* Assignment: Each line below should be repeated exactly as written, with no pictures carried over.

(Stored data begins)

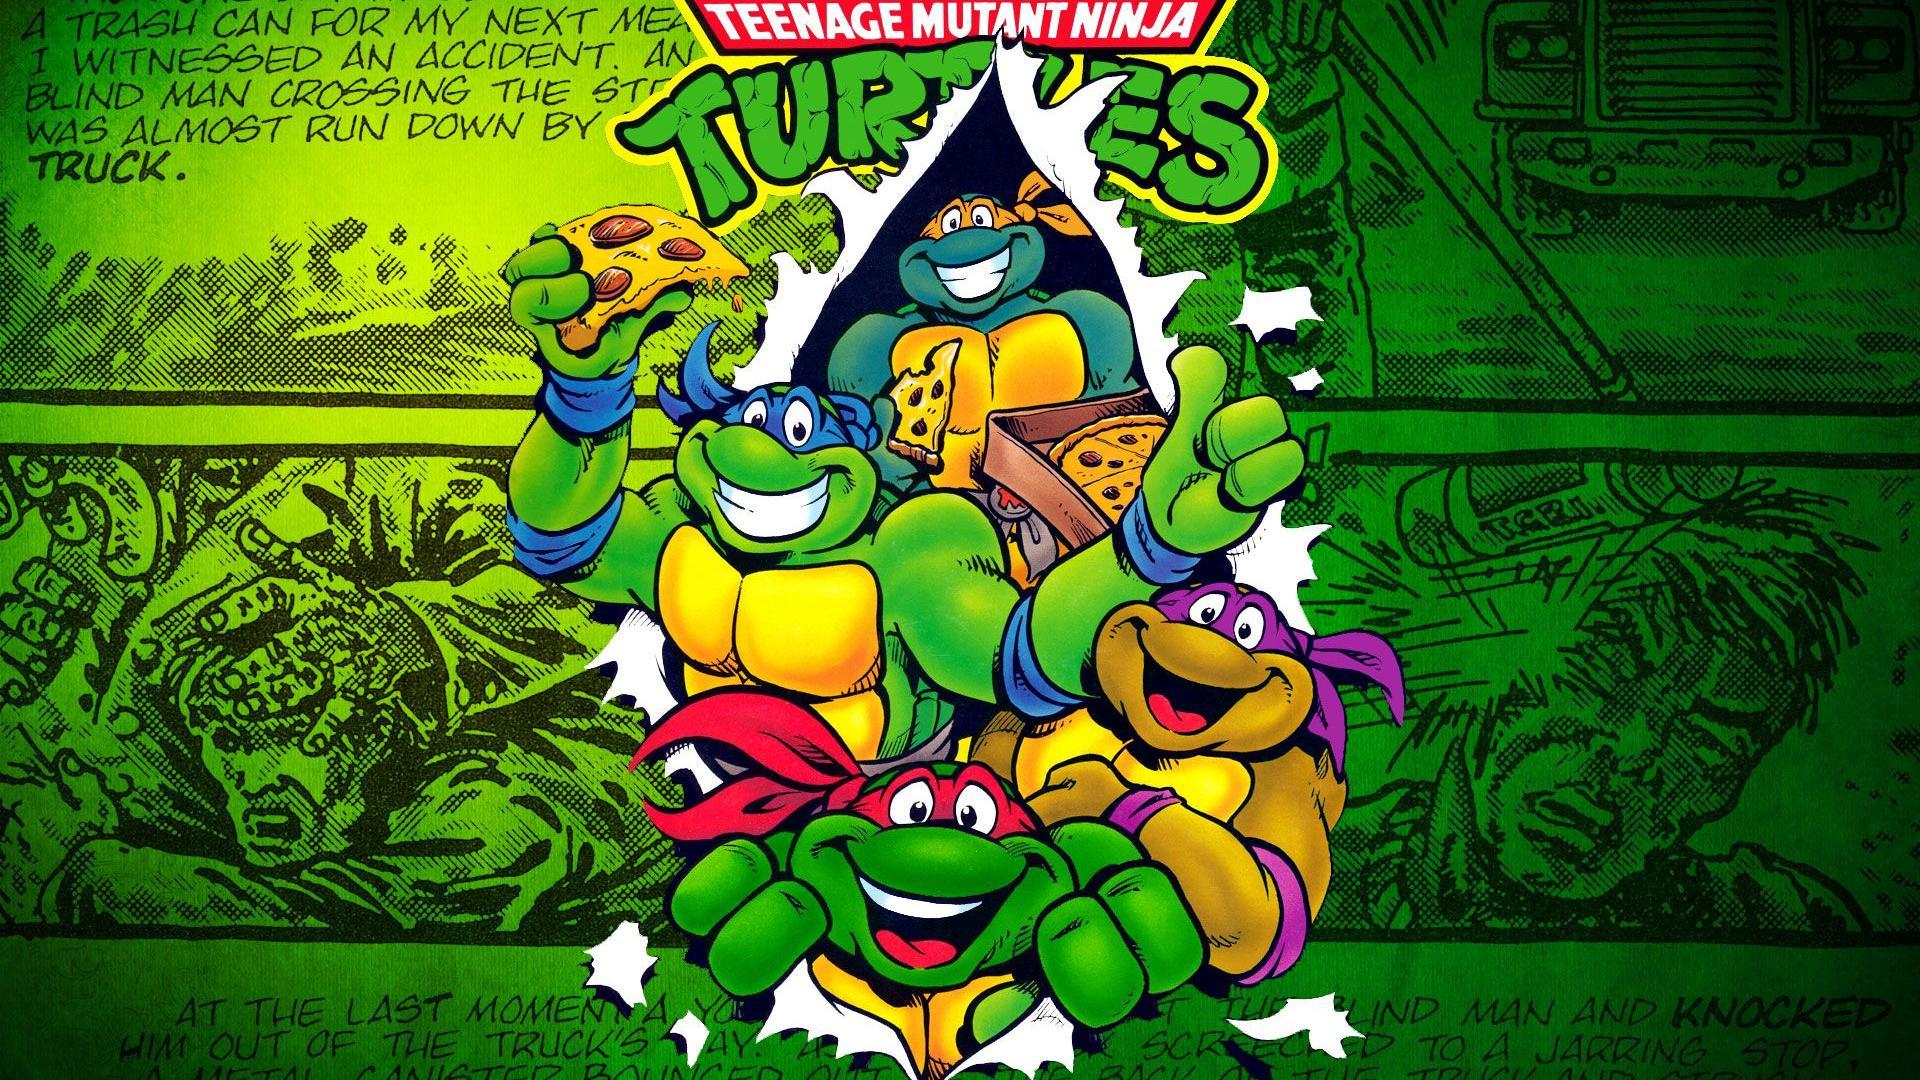 Teenage Mutant Ninja Turtle Invitations is good invitation sample
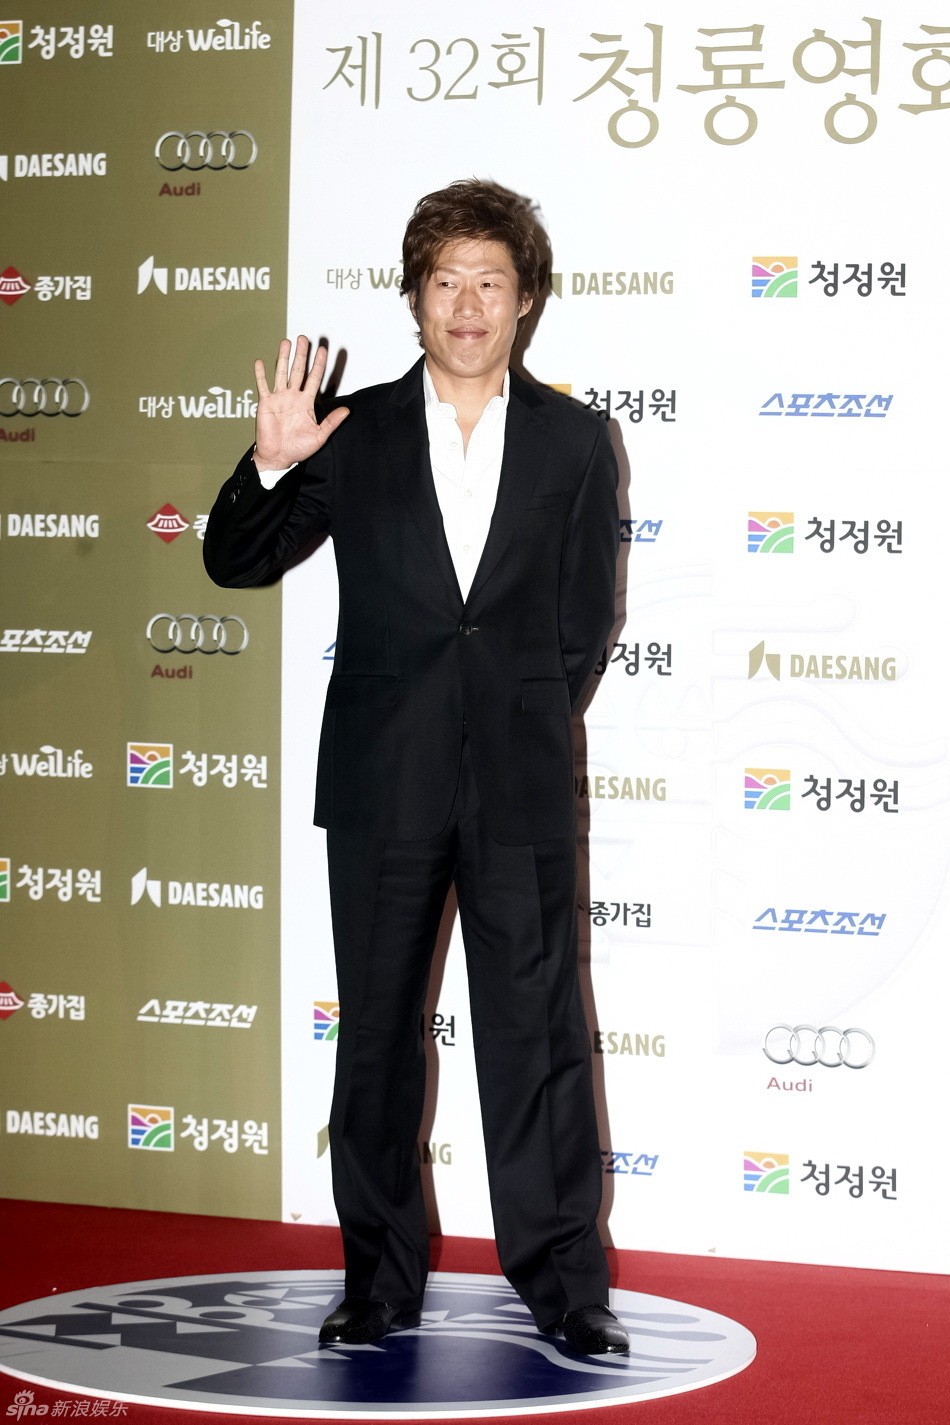 5日,第32届韩国青龙电影奖颁奖典礼在首尔举行.金慧秀、李范秀
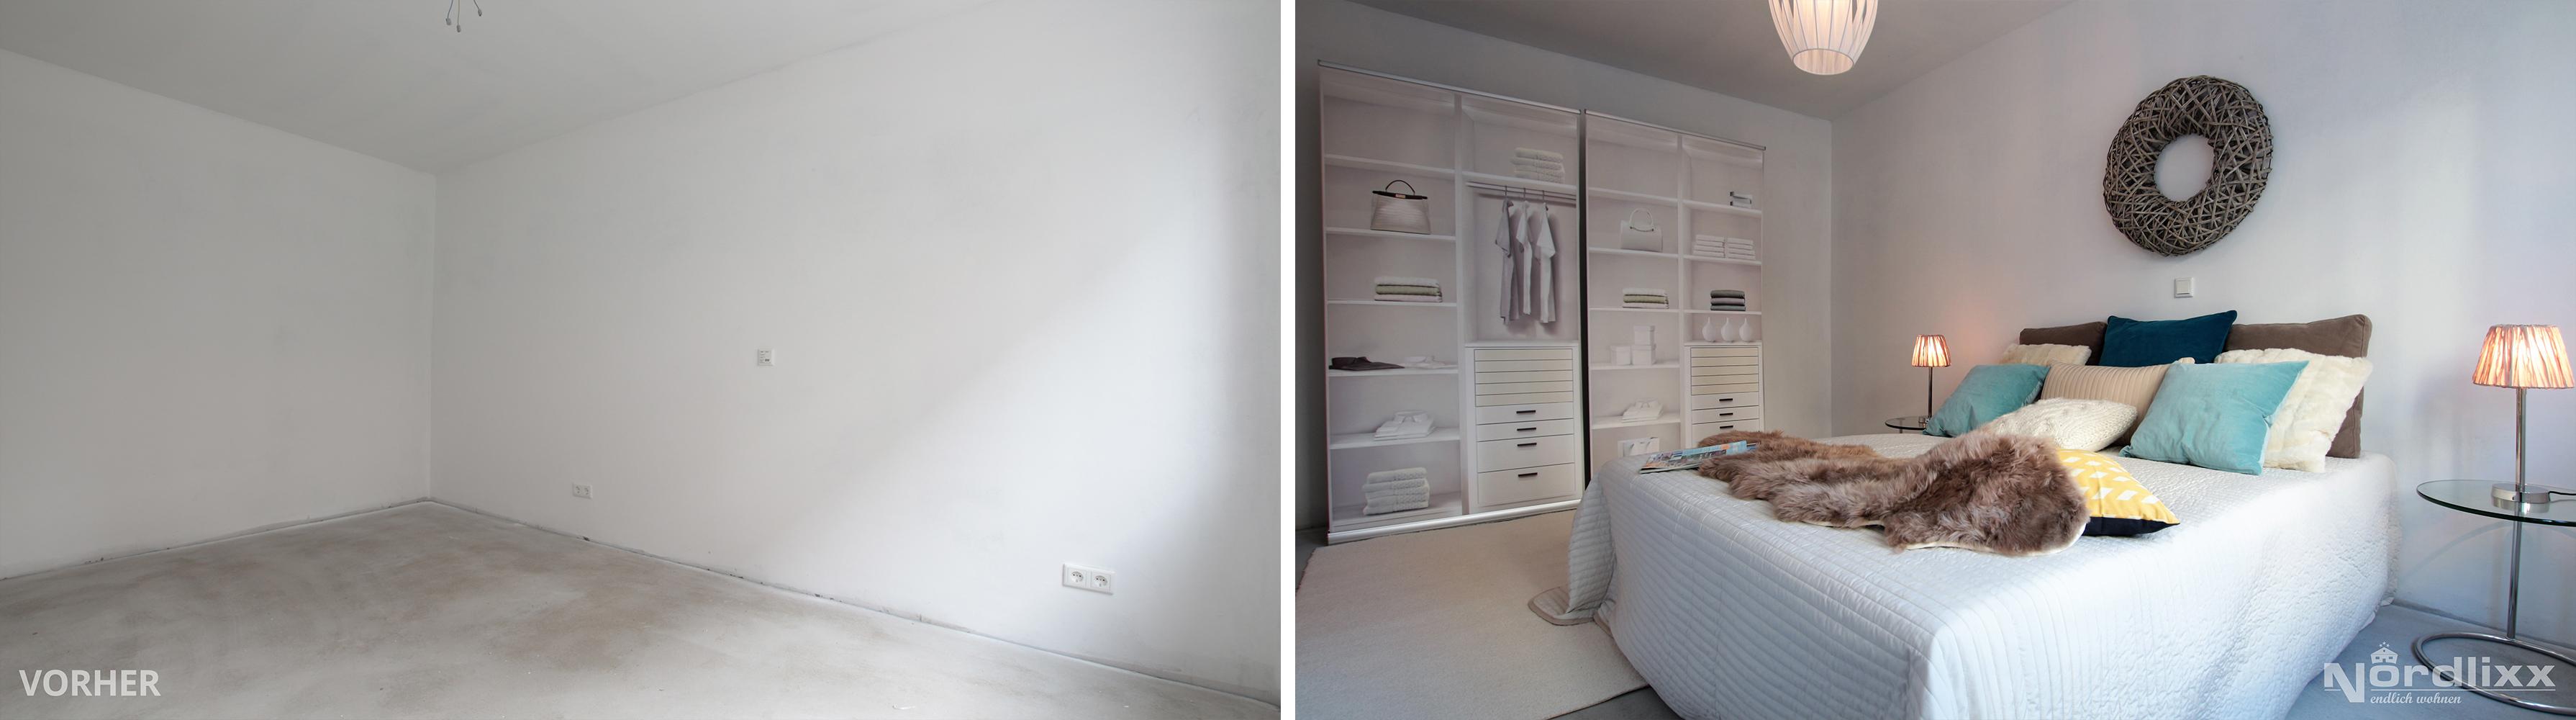 Home Staging Nordlixx vorher-nachher Rohbau Schlafzimmer - NORDLIXX ...
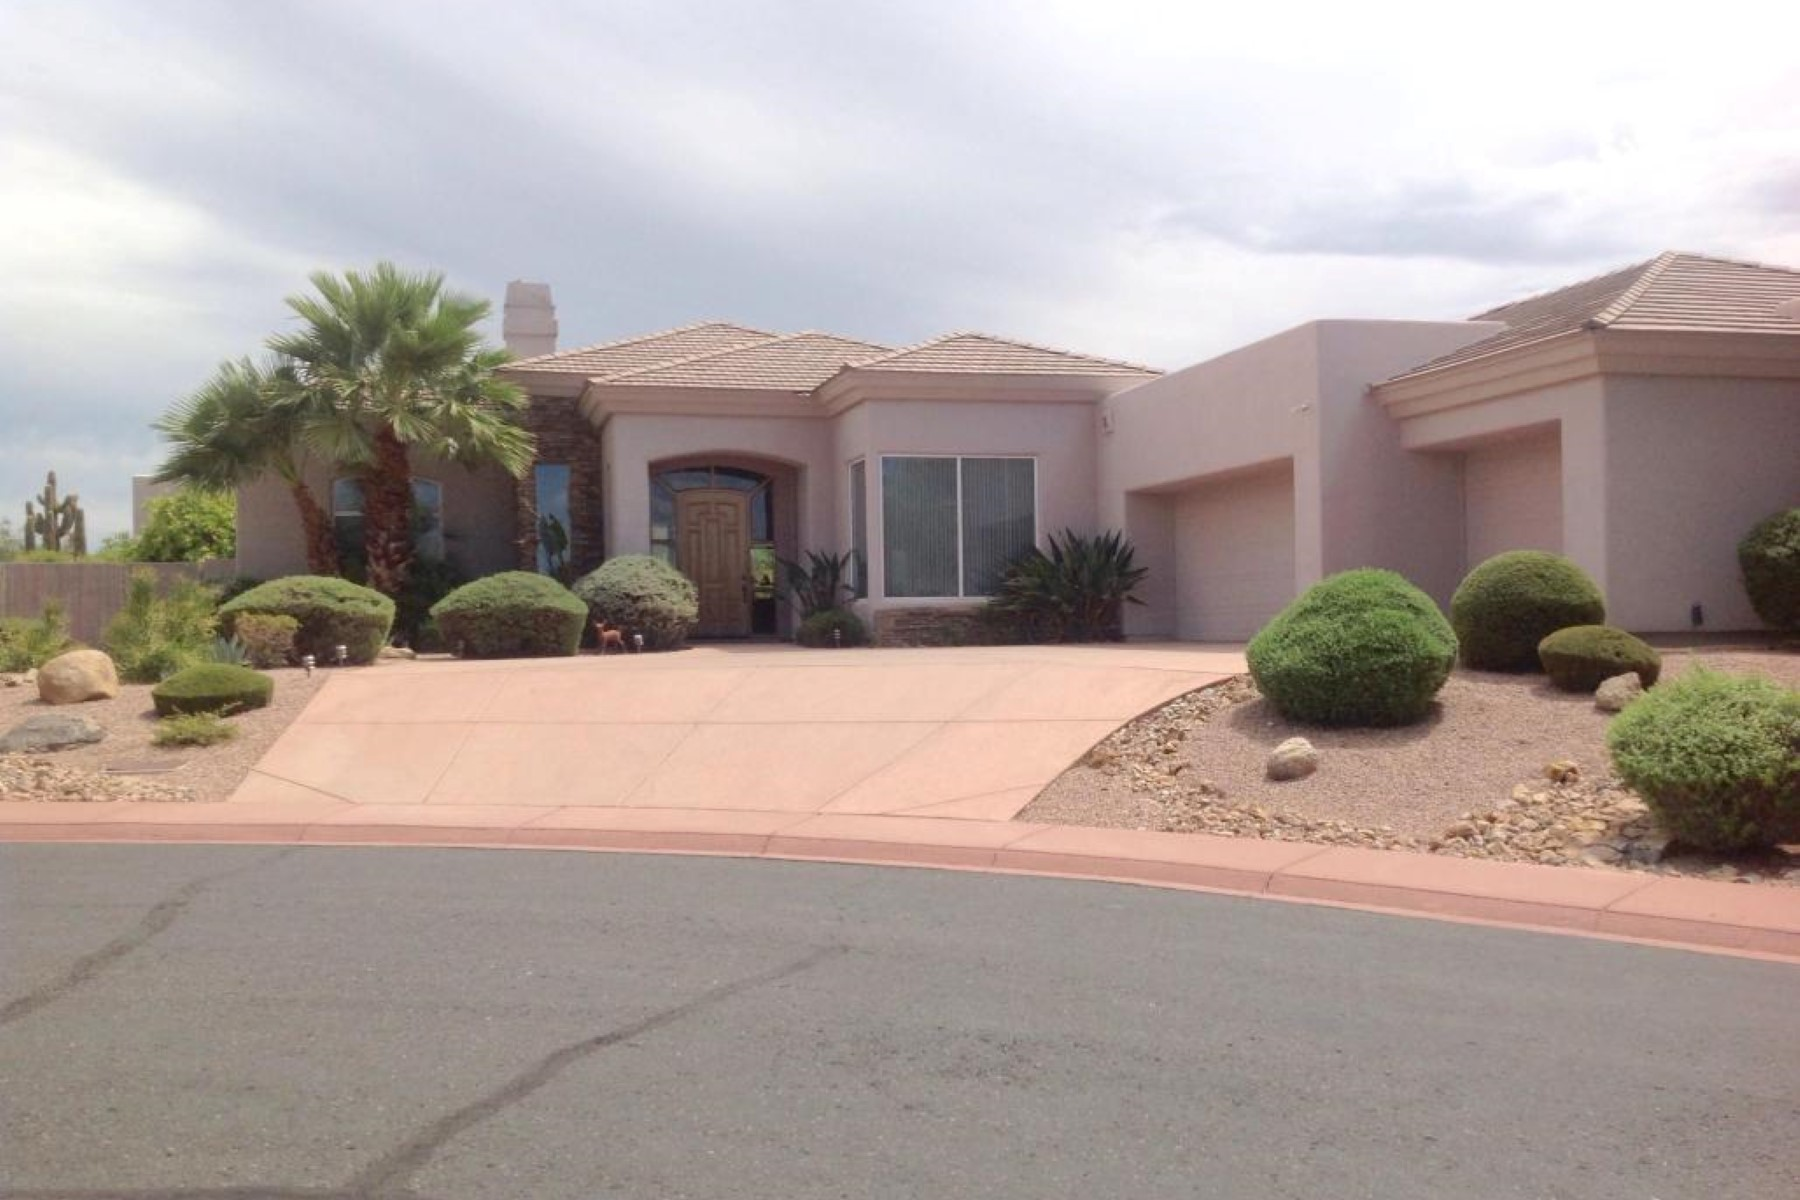 Maison unifamiliale pour l Vente à Absolutely gorgeous, custom designed home in Country Club Estates 4055 N Recker Rd 24 Mesa, Arizona 85215 États-Unis

(Stored data ends)

* Solution for this exercise:
 Teenage Mutant Ninja Turtle Invitations is good invitation sample
 5日,第32届韩国青龙电影奖颁奖典礼在首尔举行.金慧秀、李范秀
 Home Staging Nordlixx vorher-nachher Rohbau Schlafzimmer - NORDLIXX ...
 Maison unifamiliale pour l Vente à Absolutely gorgeous, custom designed home in Country Club Estates 4055 N Recker Rd 24 Mesa, Arizona 85215 États-Unis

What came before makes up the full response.